Data:
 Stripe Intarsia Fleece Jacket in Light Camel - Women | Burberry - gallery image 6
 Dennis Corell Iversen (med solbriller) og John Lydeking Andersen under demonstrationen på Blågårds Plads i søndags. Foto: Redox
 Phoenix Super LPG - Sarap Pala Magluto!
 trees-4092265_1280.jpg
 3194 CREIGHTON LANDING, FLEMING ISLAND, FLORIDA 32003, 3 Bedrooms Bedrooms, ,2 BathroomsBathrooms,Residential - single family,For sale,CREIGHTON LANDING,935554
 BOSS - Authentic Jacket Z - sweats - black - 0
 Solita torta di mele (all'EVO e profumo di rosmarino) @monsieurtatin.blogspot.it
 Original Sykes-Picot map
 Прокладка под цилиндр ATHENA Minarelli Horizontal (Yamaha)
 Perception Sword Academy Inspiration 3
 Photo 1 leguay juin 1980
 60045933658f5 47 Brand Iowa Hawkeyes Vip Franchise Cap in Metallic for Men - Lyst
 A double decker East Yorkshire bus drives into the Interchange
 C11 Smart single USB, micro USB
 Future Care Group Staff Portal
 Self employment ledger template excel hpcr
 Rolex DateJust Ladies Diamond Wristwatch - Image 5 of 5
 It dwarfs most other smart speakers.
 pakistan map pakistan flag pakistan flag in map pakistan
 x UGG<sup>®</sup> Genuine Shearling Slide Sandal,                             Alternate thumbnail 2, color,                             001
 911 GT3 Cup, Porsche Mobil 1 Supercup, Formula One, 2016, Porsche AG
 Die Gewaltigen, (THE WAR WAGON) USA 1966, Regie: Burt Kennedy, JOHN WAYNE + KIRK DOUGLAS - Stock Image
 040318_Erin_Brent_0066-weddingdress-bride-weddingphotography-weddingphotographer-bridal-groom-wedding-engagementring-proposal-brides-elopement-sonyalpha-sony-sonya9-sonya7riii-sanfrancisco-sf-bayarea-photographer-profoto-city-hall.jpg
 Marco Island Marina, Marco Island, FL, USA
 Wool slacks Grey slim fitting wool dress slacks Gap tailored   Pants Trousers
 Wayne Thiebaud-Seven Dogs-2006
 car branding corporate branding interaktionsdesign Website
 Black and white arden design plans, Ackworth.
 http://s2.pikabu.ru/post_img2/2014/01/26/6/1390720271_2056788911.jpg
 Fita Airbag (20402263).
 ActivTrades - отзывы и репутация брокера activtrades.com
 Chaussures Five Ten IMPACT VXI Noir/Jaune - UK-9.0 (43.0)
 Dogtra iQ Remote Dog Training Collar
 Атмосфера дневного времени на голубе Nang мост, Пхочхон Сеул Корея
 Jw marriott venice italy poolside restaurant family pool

Task goal: Scan the records for the word "family" and copy every line where it is found.

The answer:
 3194 CREIGHTON LANDING, FLEMING ISLAND, FLORIDA 32003, 3 Bedrooms Bedrooms, ,2 BathroomsBathrooms,Residential - single family,For sale,CREIGHTON LANDING,935554
 Jw marriott venice italy poolside restaurant family pool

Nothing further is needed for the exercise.